Given data:

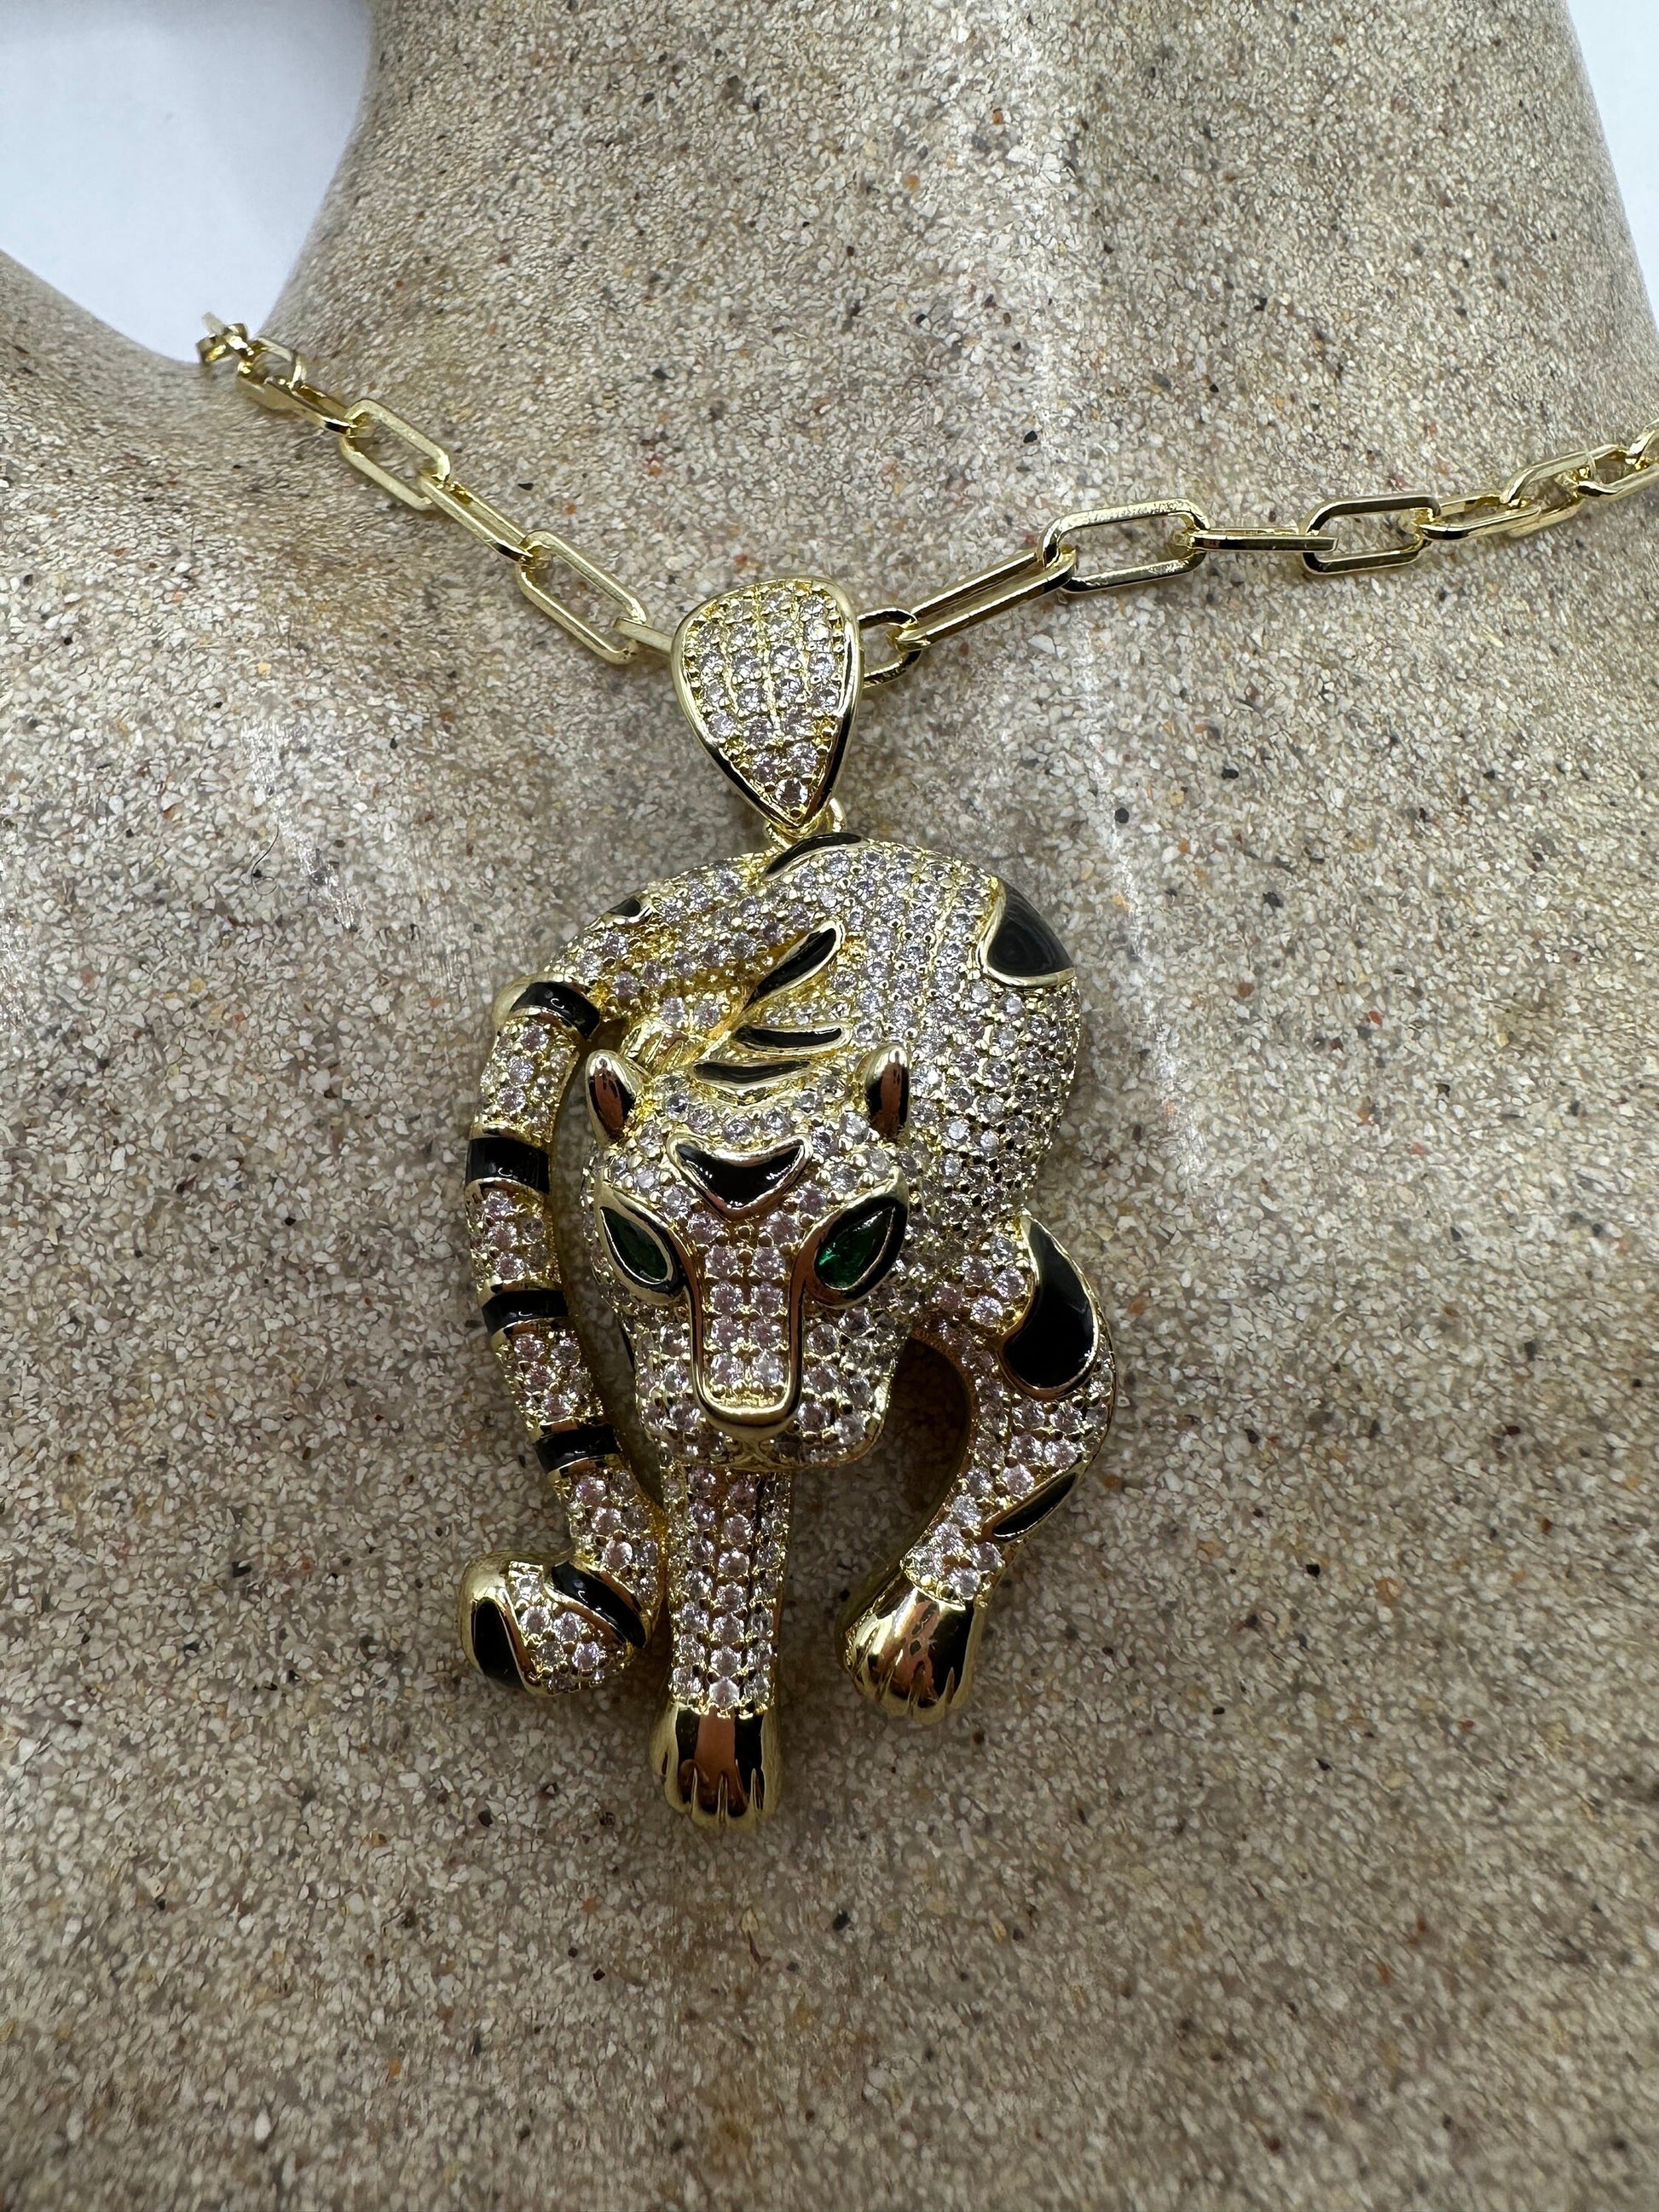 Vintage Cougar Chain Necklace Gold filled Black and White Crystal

---

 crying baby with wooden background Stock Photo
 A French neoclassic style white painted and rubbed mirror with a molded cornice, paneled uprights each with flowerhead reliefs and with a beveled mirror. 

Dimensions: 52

==

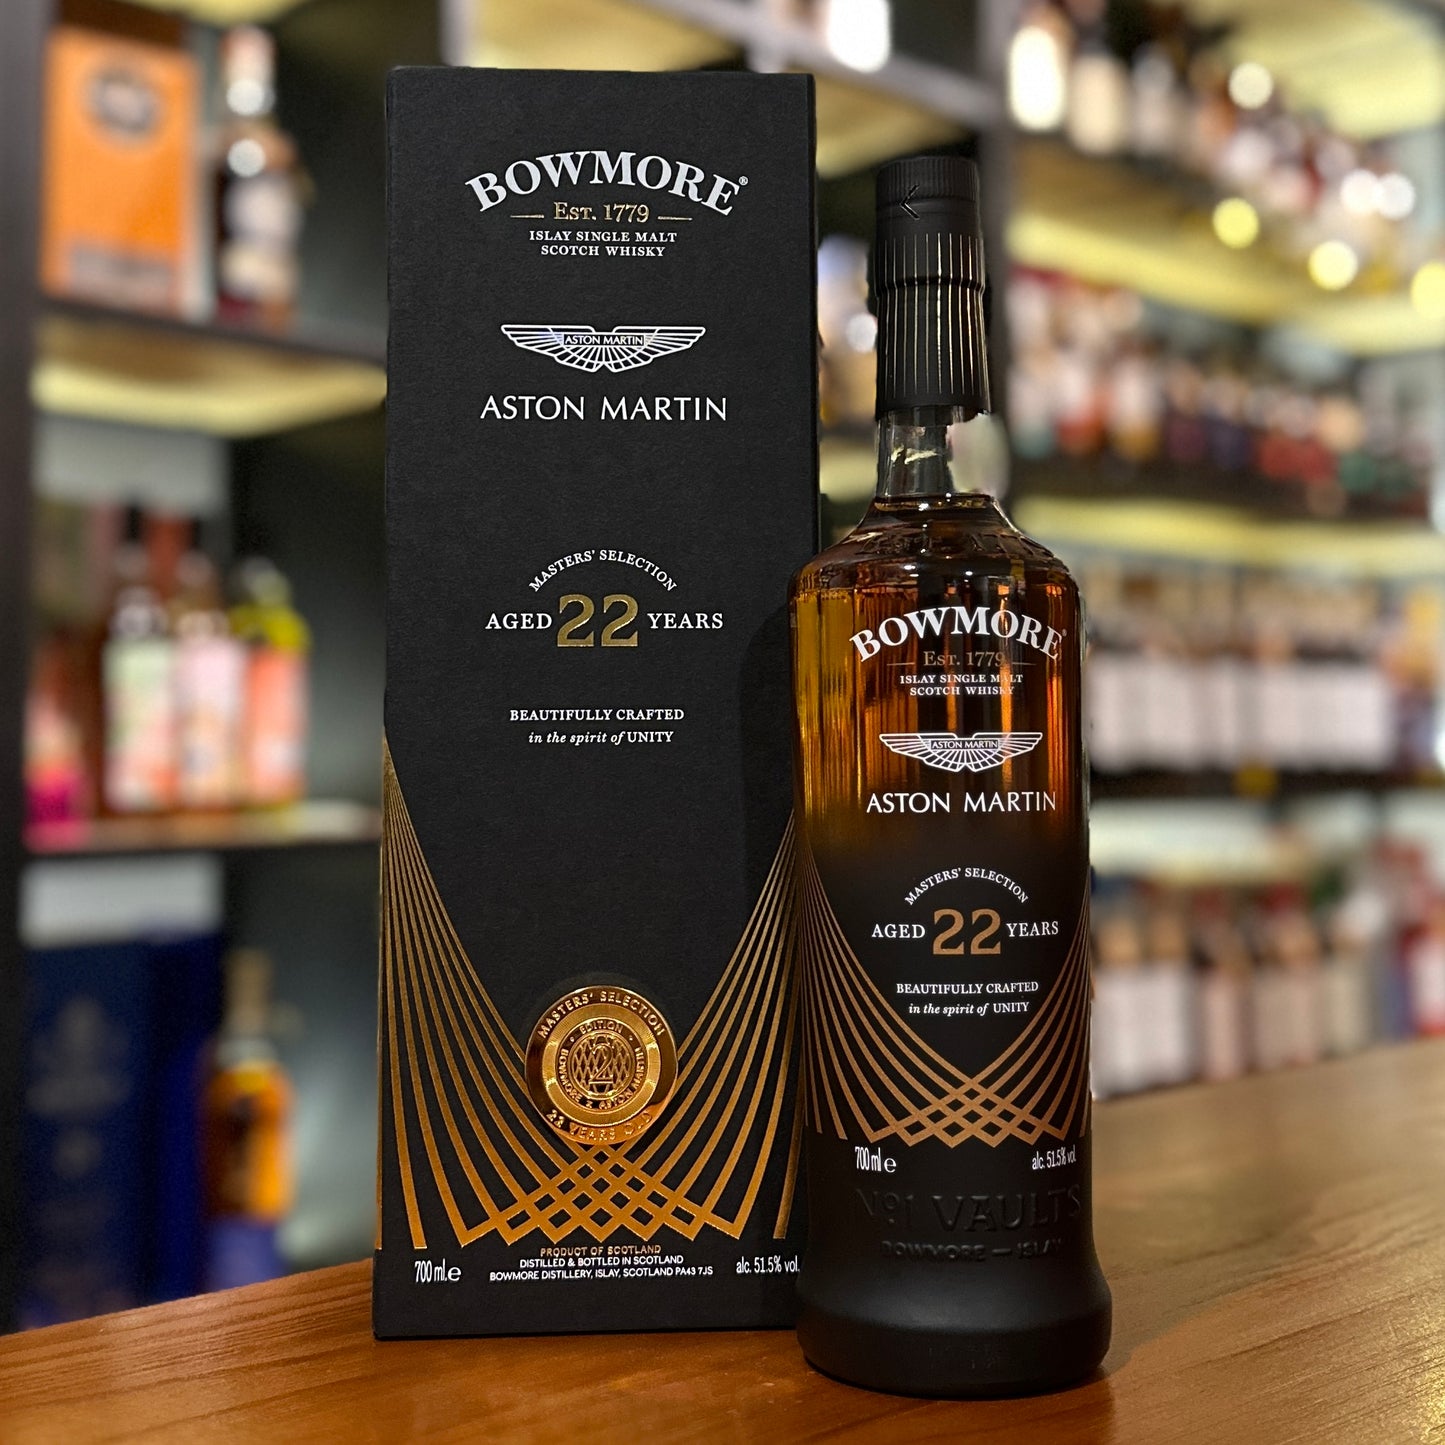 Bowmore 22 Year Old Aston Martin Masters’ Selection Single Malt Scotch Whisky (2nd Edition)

Problem details:
Everything above from the line containing "A French neoclassic" down to the line containing "Dimensions: 52" should be copied exactly, both end lines included, and nothing else.

Exercise solution:
 A French neoclassic style white painted and rubbed mirror with a molded cornice, paneled uprights each with flowerhead reliefs and with a beveled mirror. 

Dimensions: 52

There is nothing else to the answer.